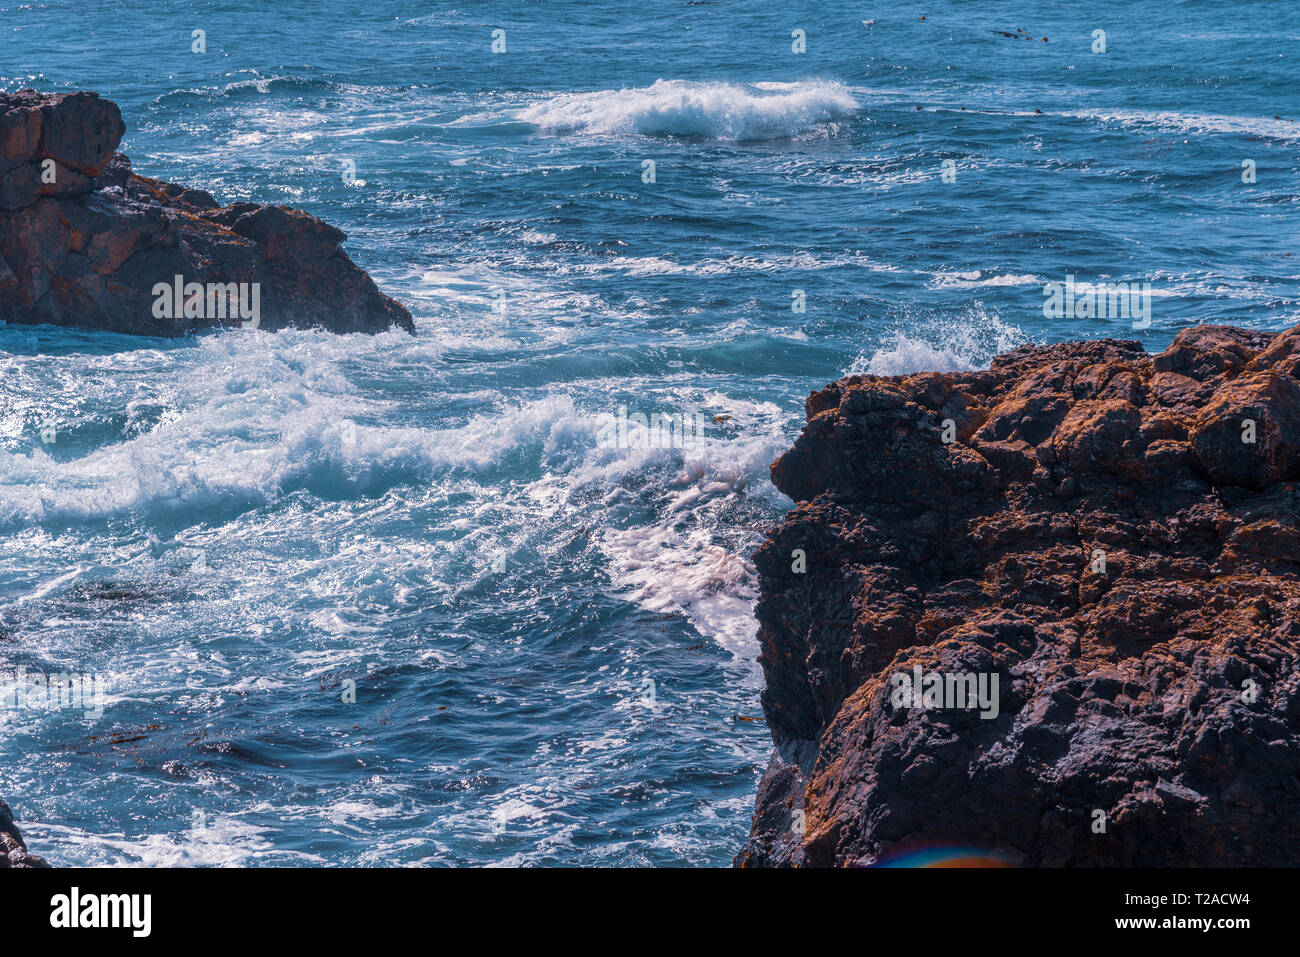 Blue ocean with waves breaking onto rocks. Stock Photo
...
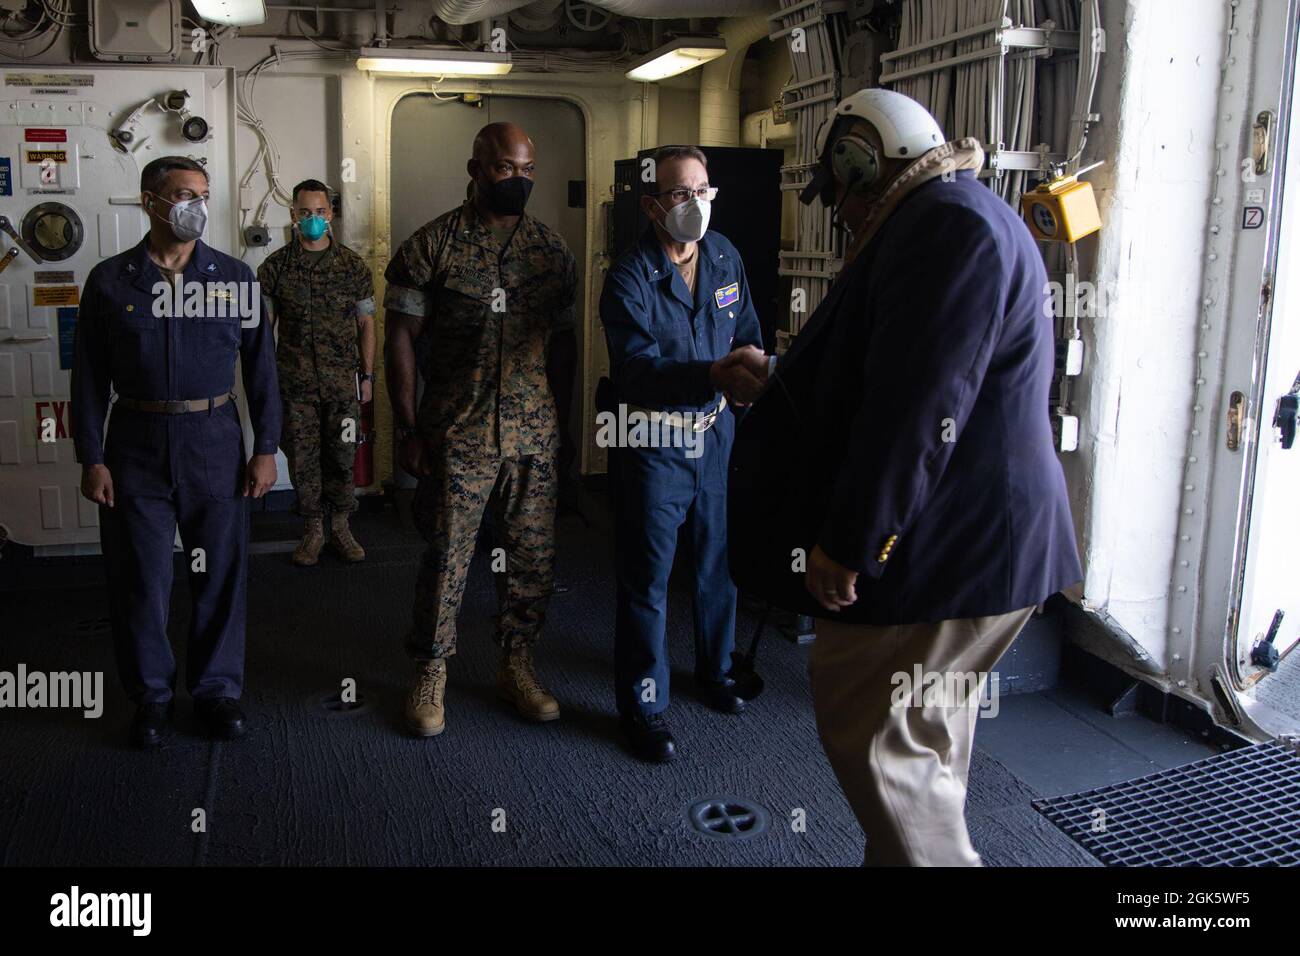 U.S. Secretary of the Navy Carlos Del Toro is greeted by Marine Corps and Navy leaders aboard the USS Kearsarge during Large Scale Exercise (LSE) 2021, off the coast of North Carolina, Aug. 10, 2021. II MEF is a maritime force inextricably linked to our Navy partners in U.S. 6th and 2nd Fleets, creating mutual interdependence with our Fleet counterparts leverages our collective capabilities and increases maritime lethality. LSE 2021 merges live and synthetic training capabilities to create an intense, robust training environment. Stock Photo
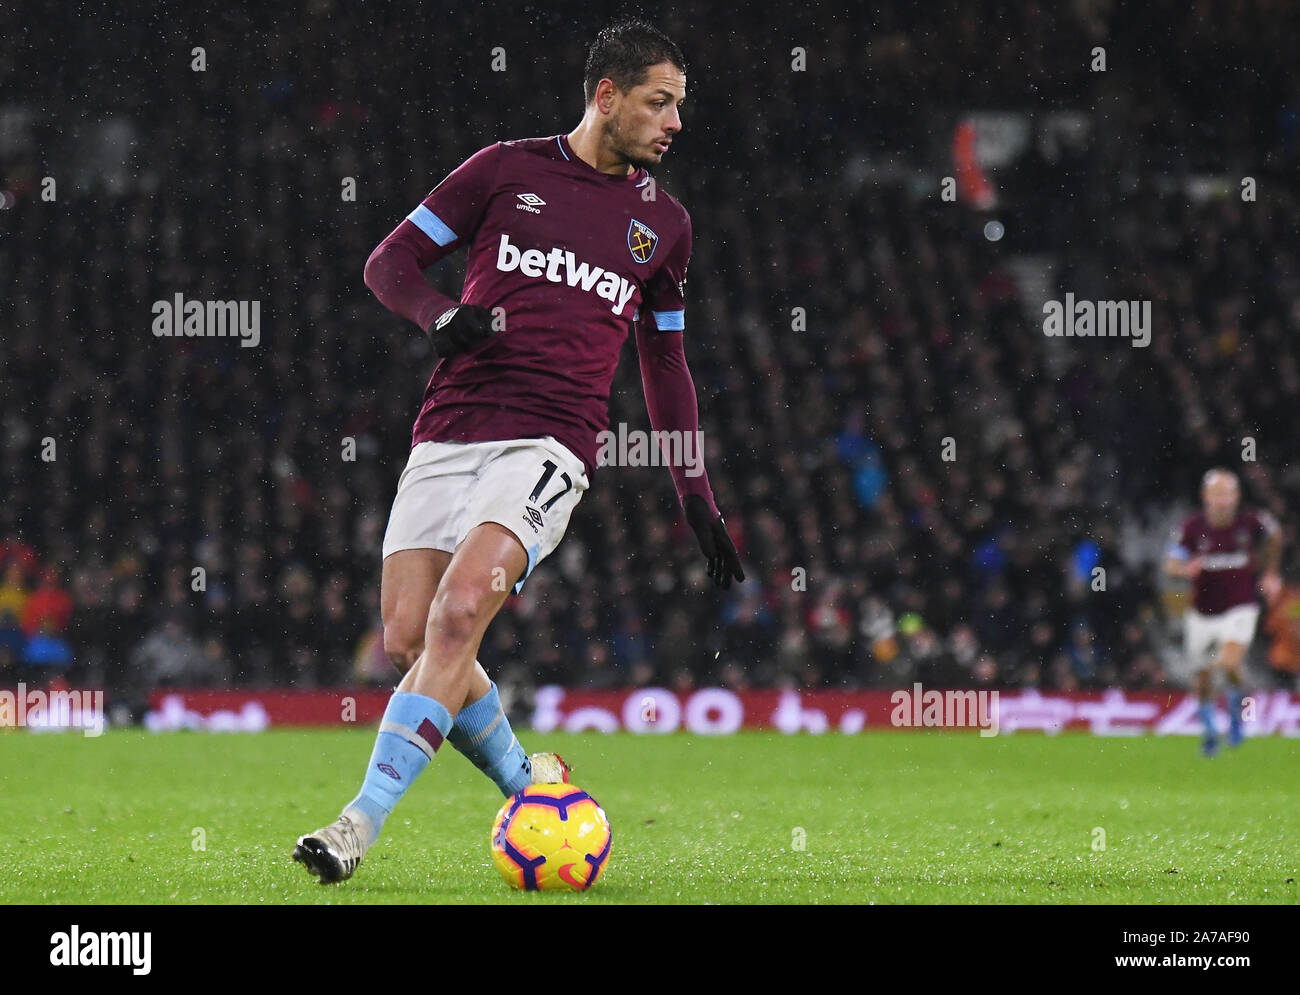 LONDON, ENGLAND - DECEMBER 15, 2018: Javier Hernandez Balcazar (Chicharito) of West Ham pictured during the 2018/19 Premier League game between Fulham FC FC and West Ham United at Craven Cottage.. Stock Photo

WORK ORDER
Pictures aside, print exactly the lines above starting with the one containing "U.S. Secretary of" and going on through the one containing "LONDON, ENGLAND - DECEMBER".

OUTPUT
 U.S. Secretary of the Navy Carlos Del Toro is greeted by Marine Corps and Navy leaders aboard the USS Kearsarge during Large Scale Exercise (LSE) 2021, off the coast of North Carolina, Aug. 10, 2021. II MEF is a maritime force inextricably linked to our Navy partners in U.S. 6th and 2nd Fleets, creating mutual interdependence with our Fleet counterparts leverages our collective capabilities and increases maritime lethality. LSE 2021 merges live and synthetic training capabilities to create an intense, robust training environment. Stock Photo
 LONDON, ENGLAND - DECEMBER 15, 2018: Javier Hernandez Balcazar (Chicharito) of West Ham pictured during the 2018/19 Premier League game between Fulham FC FC and West Ham United at Craven Cottage.. Stock Photo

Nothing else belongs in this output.